Lawyers, guns and money: vicarious liability for criminal or wrongful acts
By Matt McDonald
The Victorian Court of Appeal has upheld a finding that an employer was not vicariously liable for psychiatric injuries suffered by its employee as a result of the criminal act of one of his co-workers.
In May we reported on the first instance judgment of the Victorian Supreme Court.
The Plaintiff was employed as an armed security guard. He was stationed in his armoured van on a job when his co-worker, perhaps by reason of a twisted sense of humour, unholstered his weapon and held it to the Plaintiff’s head. Consequentially, the Plaintiff suffered psychiatric injuries.

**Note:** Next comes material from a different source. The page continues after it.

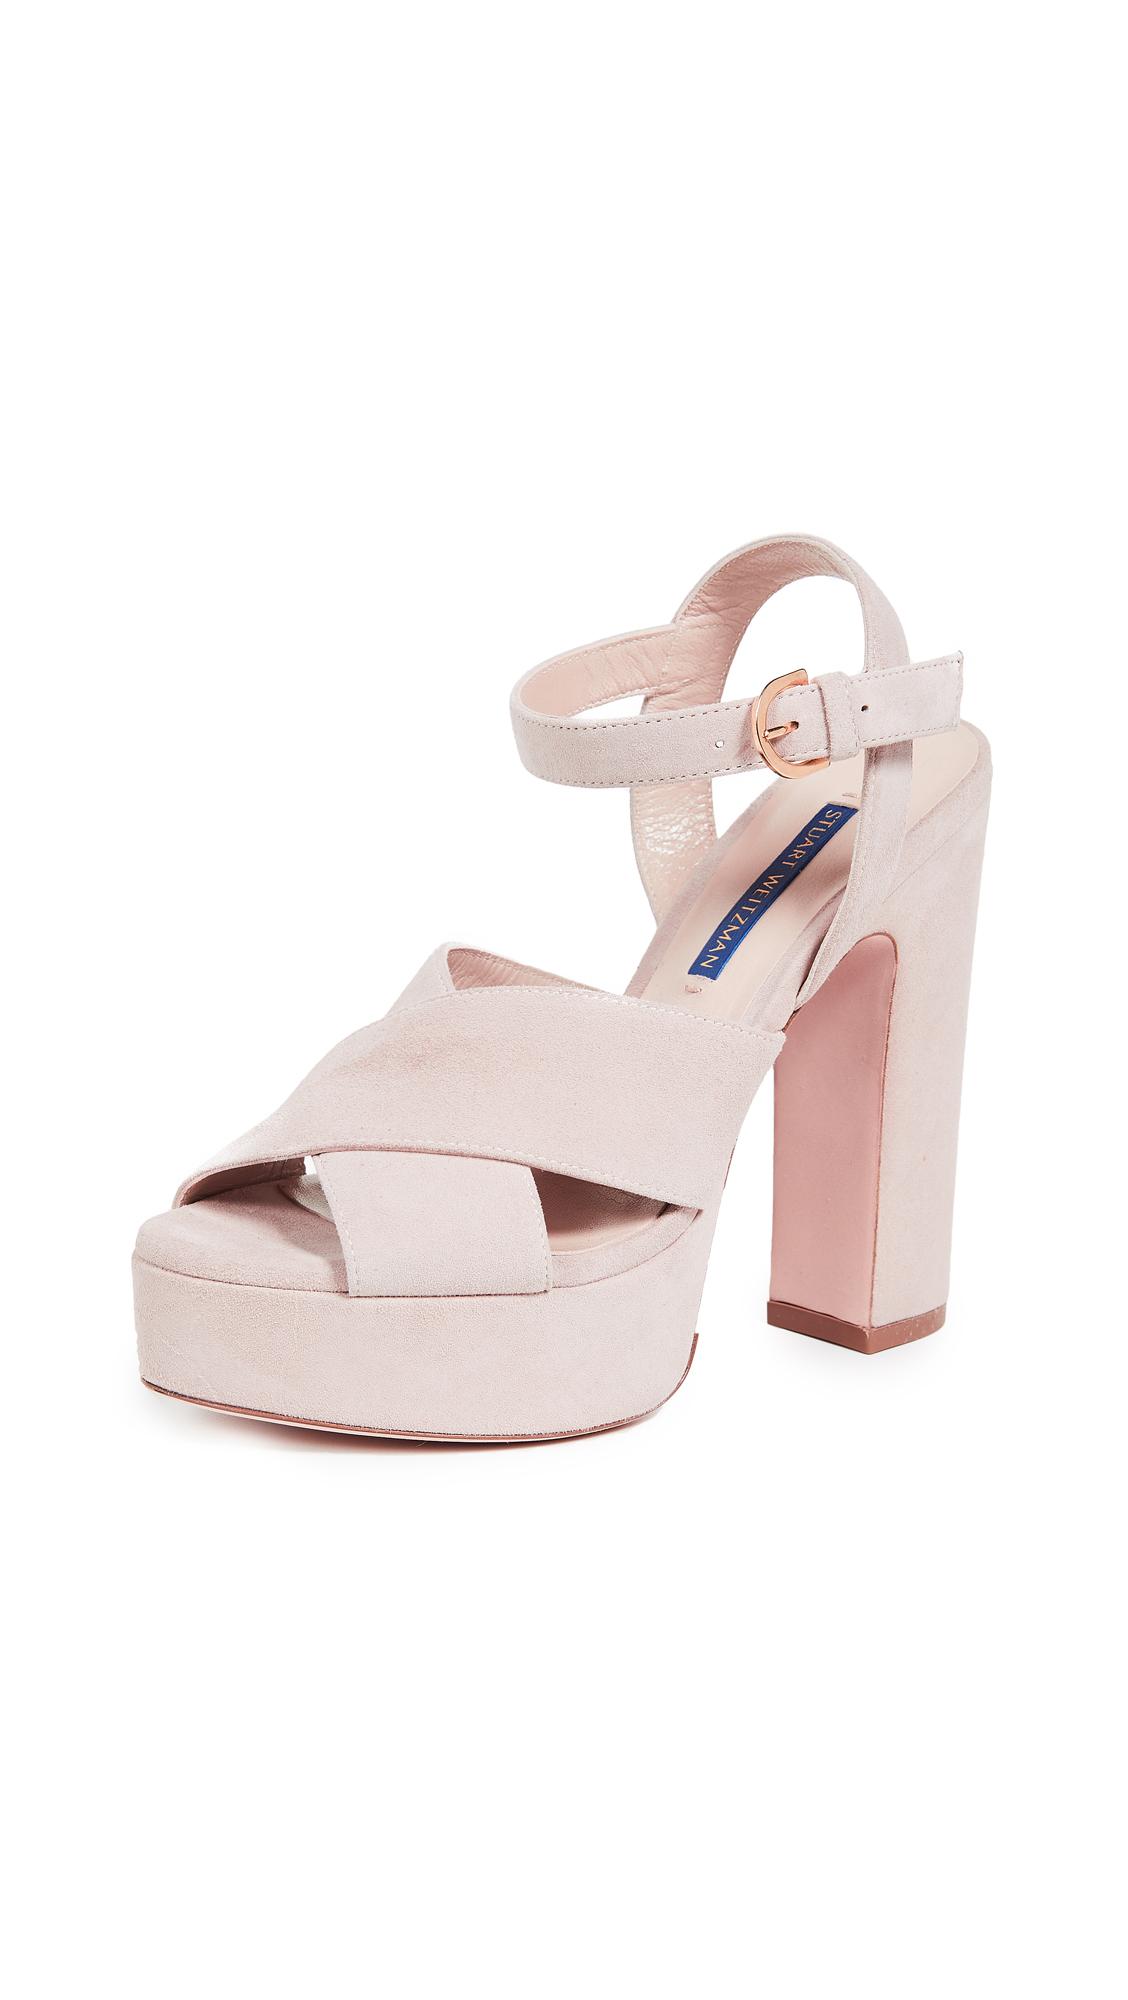 Stuart Weitzman Joni Platform Sandals - Dolce

The Court ultimately held that the employer was not vicariously liable, as the co-worker’s actions were not done in connection with his employment duties. The Court applied the principle that there must be an ability to achieve intimacy and a relationship of trust between the wrongdoer and Plaintiff in order to establish vicarious liability against the wrongdoer’s employer in such cases.
The Plaintiff’s appeal was dismissed. In upholding the decision of the trial judge, the Court of Appeal noted that vicarious liability for the criminal acts of employees will only arise in exceptional cases where the employment provided not just the opportunity for the wrongdoing, but the actual occasion (applying Prince Alfred College Inc v ADC (2016) 258 CLR 134).
In considering whether the employment provided the actual occasion for the wrongdoing, Courts must consider the authority, power, trust and level of control between the parties. In this case, the Court of Appeal considered that the relationship between the Plaintiff and his co-worker lacked the requisite level of power, trust and control.
Garrett v Victorian Workcover Authority  VSCA 114
Further Developments in vicarious liability?
The High Court will soon hear the appeal to Schokman v CCIG Investments Pty Ltd  QCA 38. In this matter, the Plaintiff worked and shared staff accommodation with a co-worker at Daydream Island. The Plaintiff, Mr Schokman was the direct supervisor of his co-worker and roommate, Mr Hewett.
After returning home drunk one night, Mr Hewett awoke Mr Schokman by accidentally urinating in his face, aggravating Mr Schokman’s underlying cataplexy.
The Queensland Court of Appeal held that the employer should be vicariously liable for Mr Hewett’s actions, as the employment contract required him to stay in accommodation on the island. As Mr Hewett occupied the room as an employee, his employer was vicariously liable for his actions.
This finding of vicarious liability did not rest on the factors outlined in Prince Alfred College. If the High Court upholds the Queensland Court of Appeal’s judgment, it will potentially broaden the scope of employers’ vicarious liability.
This article was written with the assistance of Lloyd Miller, Law Graduate.